**** Data excerpt ****
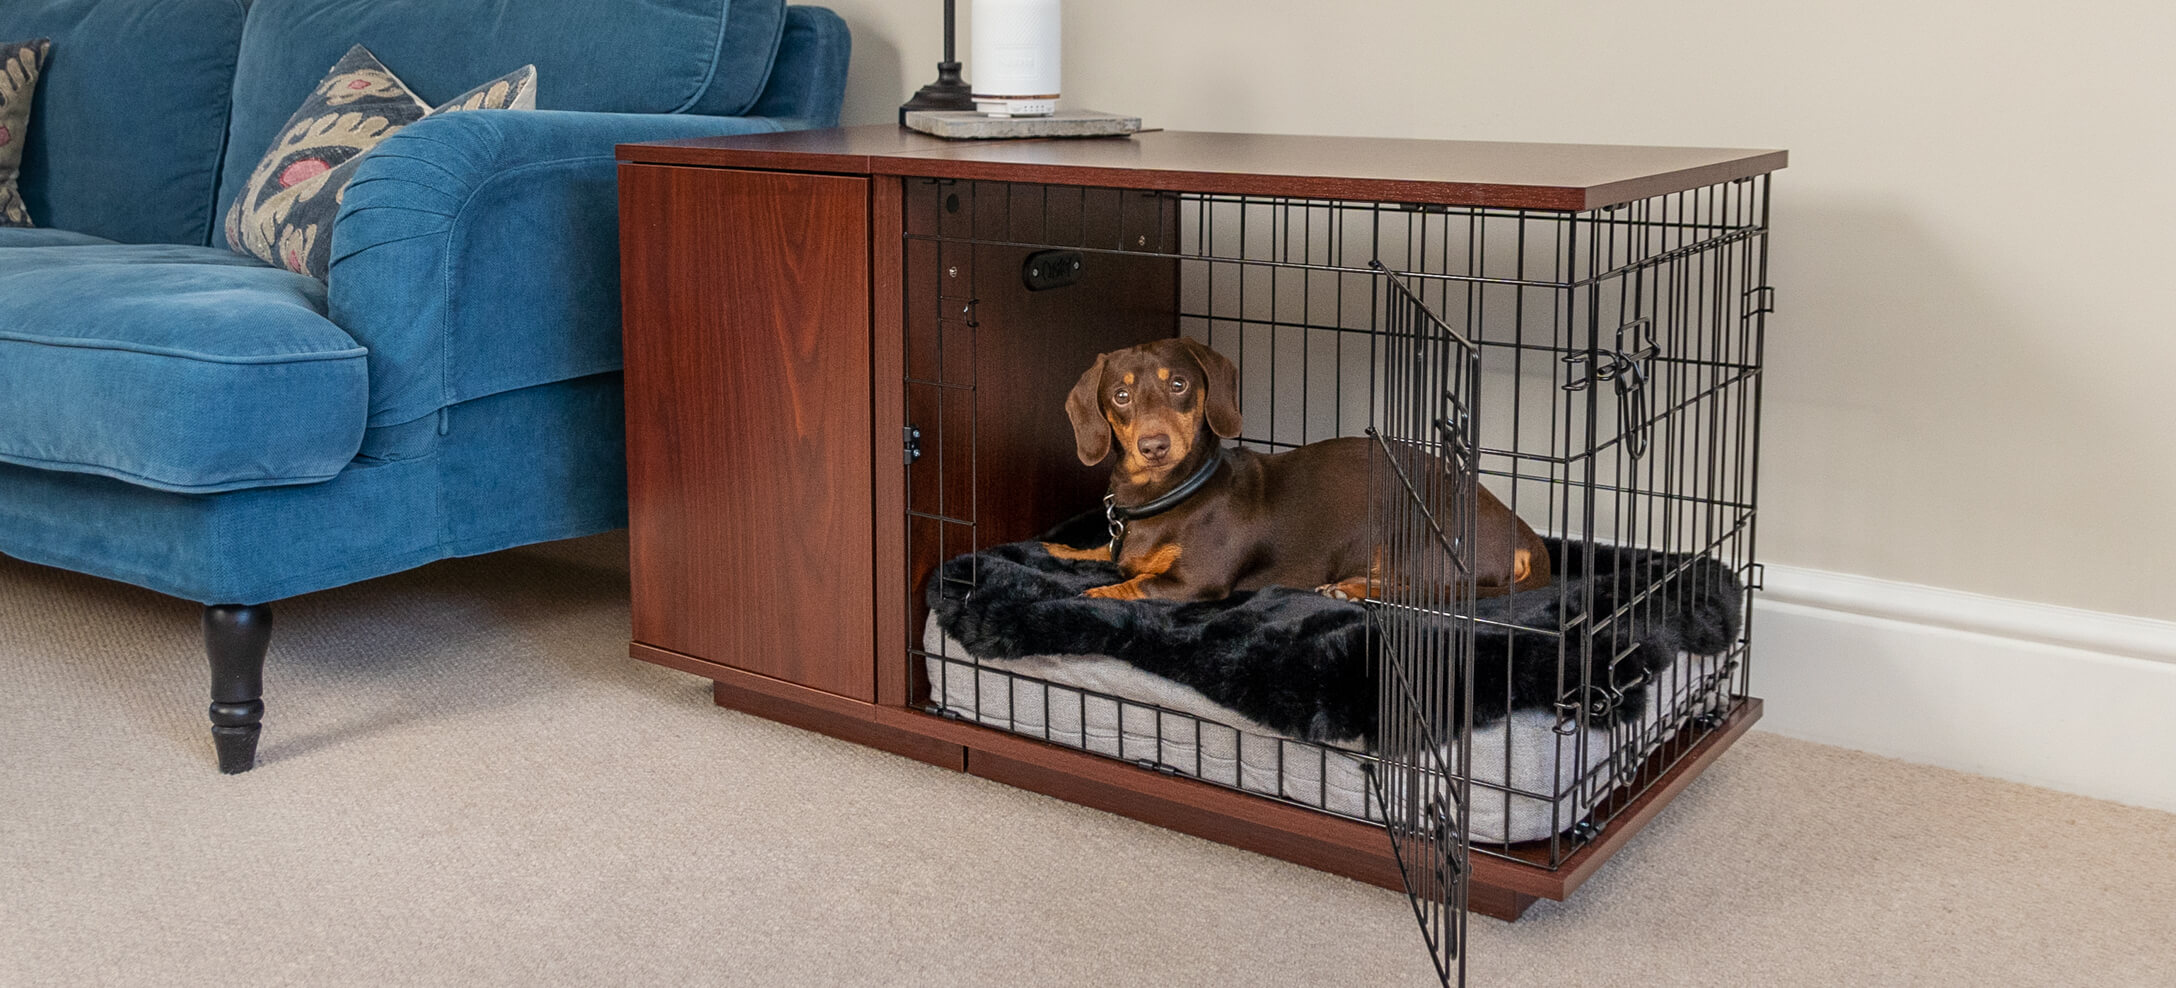 A dog crate creates a safe space for Fido, away from the hustle and bustle of the household
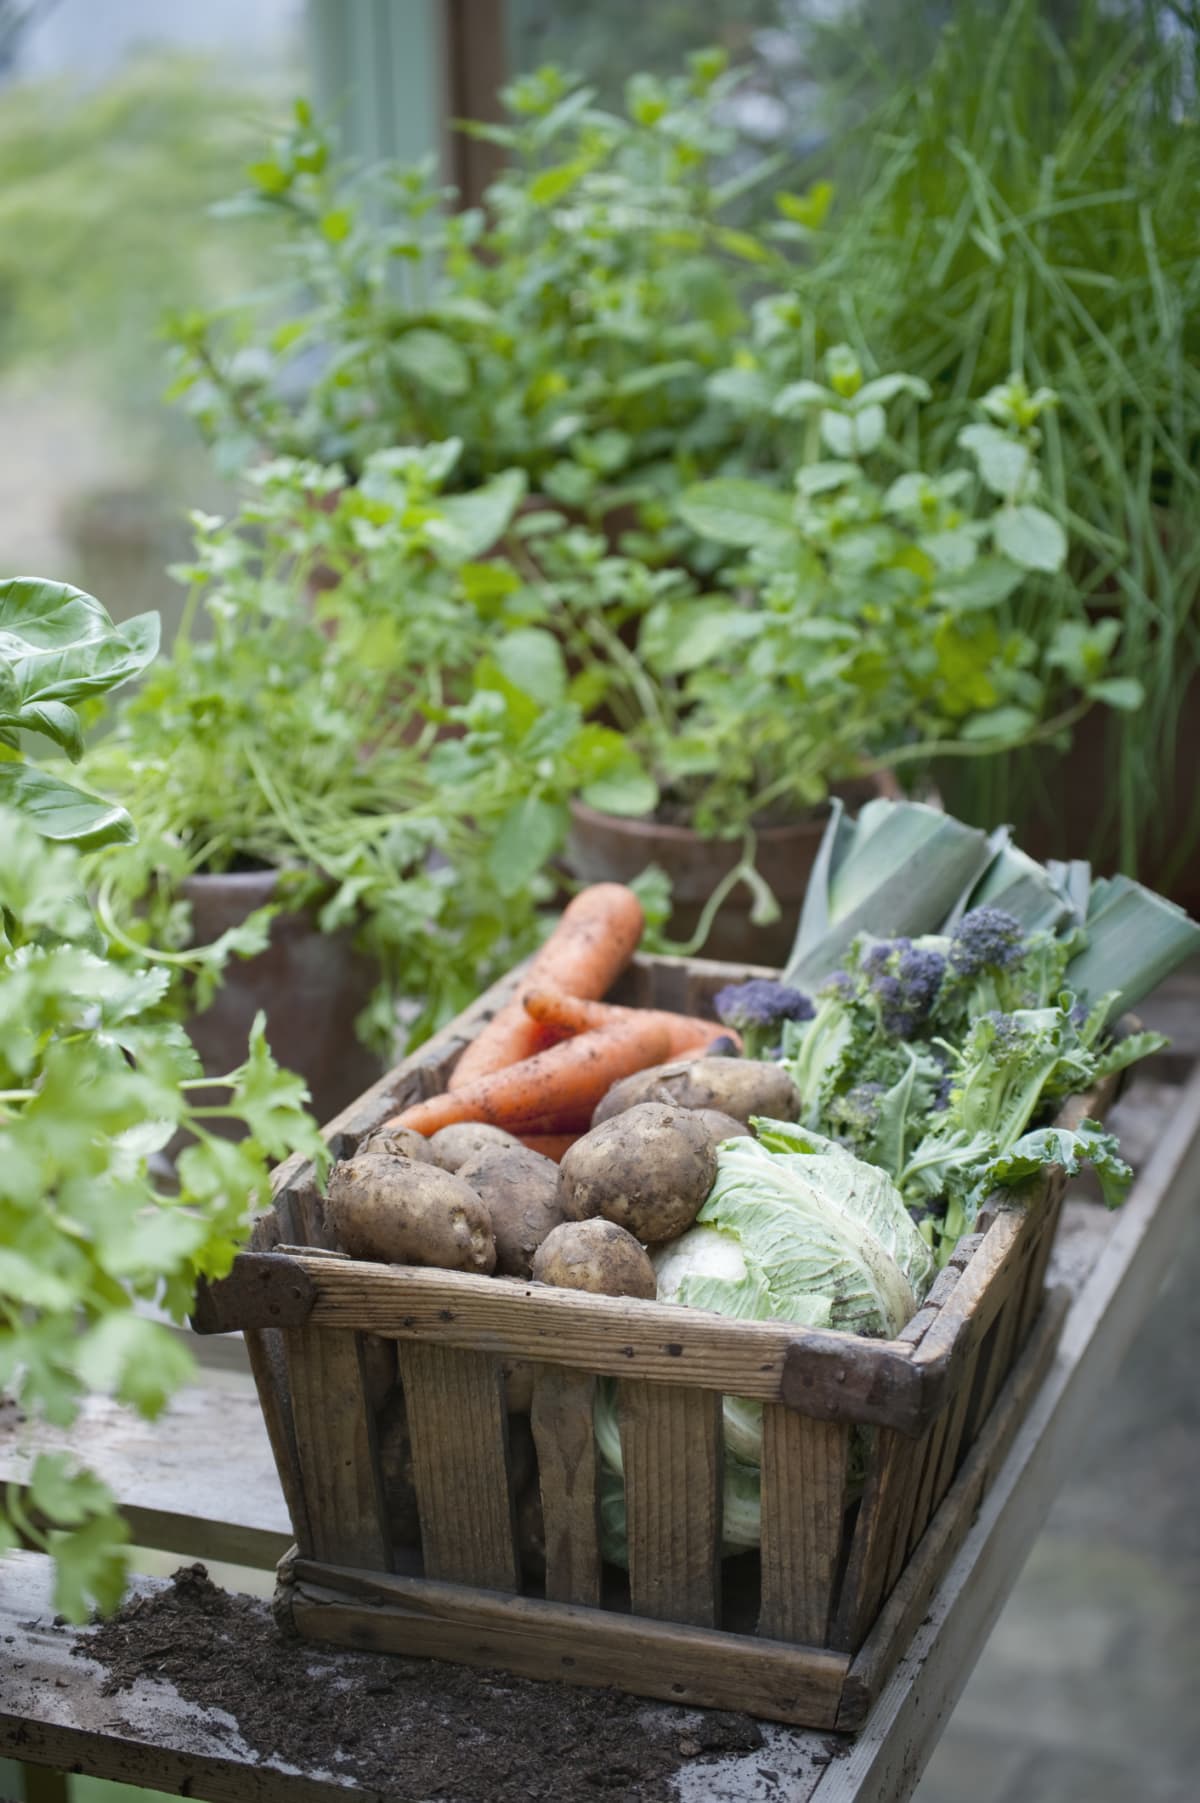 Wooden crate of fresh vegetables such as carrots and potatoes
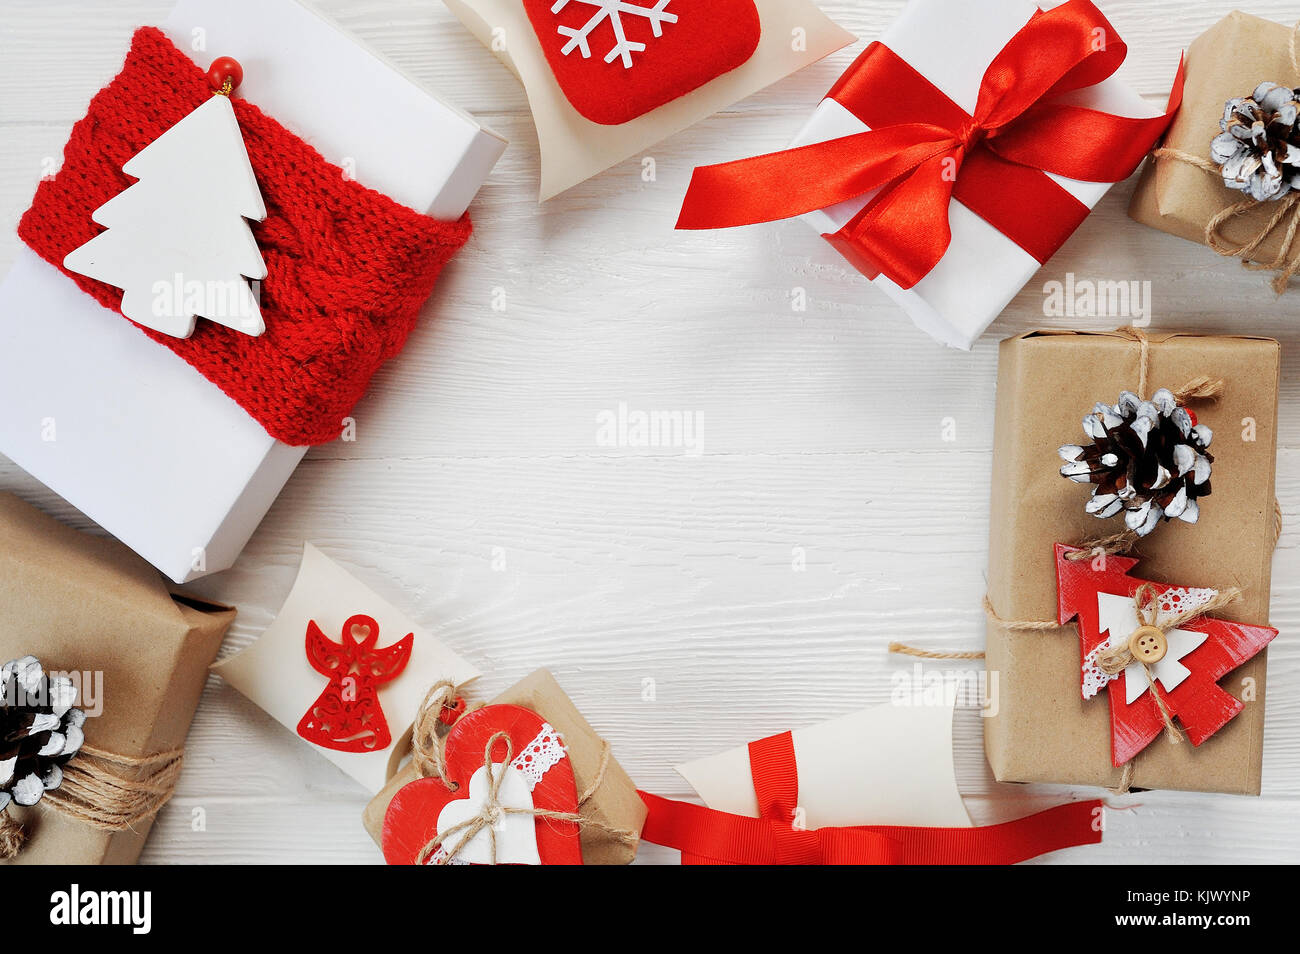 Christmas boxes gift decorated with red bows are arranged in a circle on a white wooden background. Flat lay, top view photo mockup Stock Photo
****
**Task to complete**
Any images must be dropped; all other material is to be printed exactly.

**Exercise output**
 A dog crate creates a safe space for Fido, away from the hustle and bustle of the household
 Wooden crate of fresh vegetables such as carrots and potatoes
 Christmas boxes gift decorated with red bows are arranged in a circle on a white wooden background. Flat lay, top view photo mockup Stock Photo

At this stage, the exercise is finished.